Re: Supervisory training LO1950

Mulligan, Margie (MMulligan@OS.Varian.COM)
Wed, 05 Jul 95 15:56:00 PDT

Replying to LO1917 --

After 13 years in the university environment and 15 years in corporations,
part of that time training, I can't honestly recommend that you start with
training, except as "orientation". It is an instrumental method...and it
is contrary to the Bohmian principles espoused in the dialogue literature.
It definitely has its place as a method to gain specific skills, but I
believe we must be careful about the message we send. If we want people
to take responsibility and control of their own learning, the learning
situation will have to model that behavior. Depending on how the training
is designed, it can empower or dis-empower people.

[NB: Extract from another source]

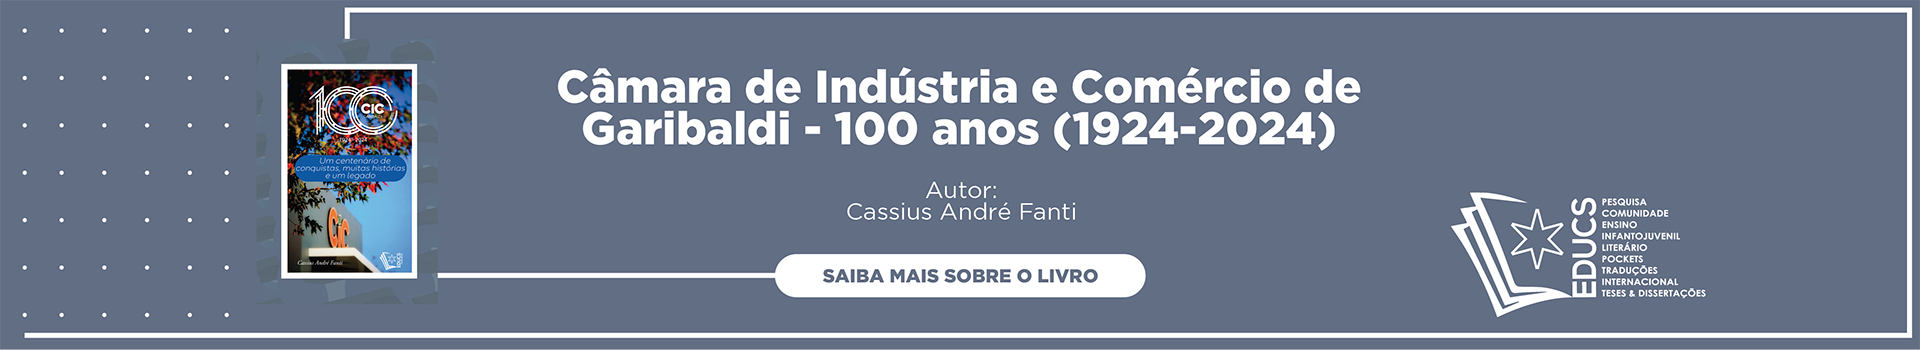 Câmara de Indústria e Comércio de Garibaldi - 100 anos (1924-2024)

It seems to me that "assuming training is the first step" may be based on
the conclusion that "wisdom lies in the teacher" as opposed to the
organization . Although my first instinct, based on many years of
experience, was to set up a training session, I now wonder if that is the
most effective model after some pretty intriguing experiments over the
last few years.

I'd like to explore another model that we are using among the
manufacturing supervisors/coaches (~20 of them are in transition from a
traditional supervisory role to the role of a coach) and managers (~35
total management team). We have created a number of teams to provide a
learning environment and for moral support: * top mfg. management (8
mgrs), predominantly mentors/coaches to teams * mfg. supervisors team (20
supv.) * consulting/breakthrough team (10 proven breakthrough thinkers who
may not be in management) * process improvement teams (short term and long
term)

Each team has a different role, and each is encouraged to seek the
resources they feel they need to develop their skills. Some base line
resources are:

*_ Learning Organization: Field Manual_, Senge, et. al.
*_Learning Organization:Developing Cultures for Tomorrow's Workplace_,
Chawla & Renech, ed.
*DDIs Empowered Teams series (coaches are available to help them determine
if/when the training would serve them)
* "Systems Thinker" by Pegasus
* articles from every possible professional magazine (HBR, EMR, AME, etc.)
* coaching or mentoring from anyone in the management group

-----
Host's Note: I'm pretty sure the first ref is "The Fifth Discipline
Fieldbook" by Senge, et al.
-----

[One sidebar: One of these teams initiated a learning laboratory on the
wall of the final test area where the generic process map is posted (for
all operations), and other teams and work units have posted their
processes, building the customer value stream: main processes,
sub-processes and support processes. This has prompted a great deal of
discussion, rework and improvements of the process flow. ]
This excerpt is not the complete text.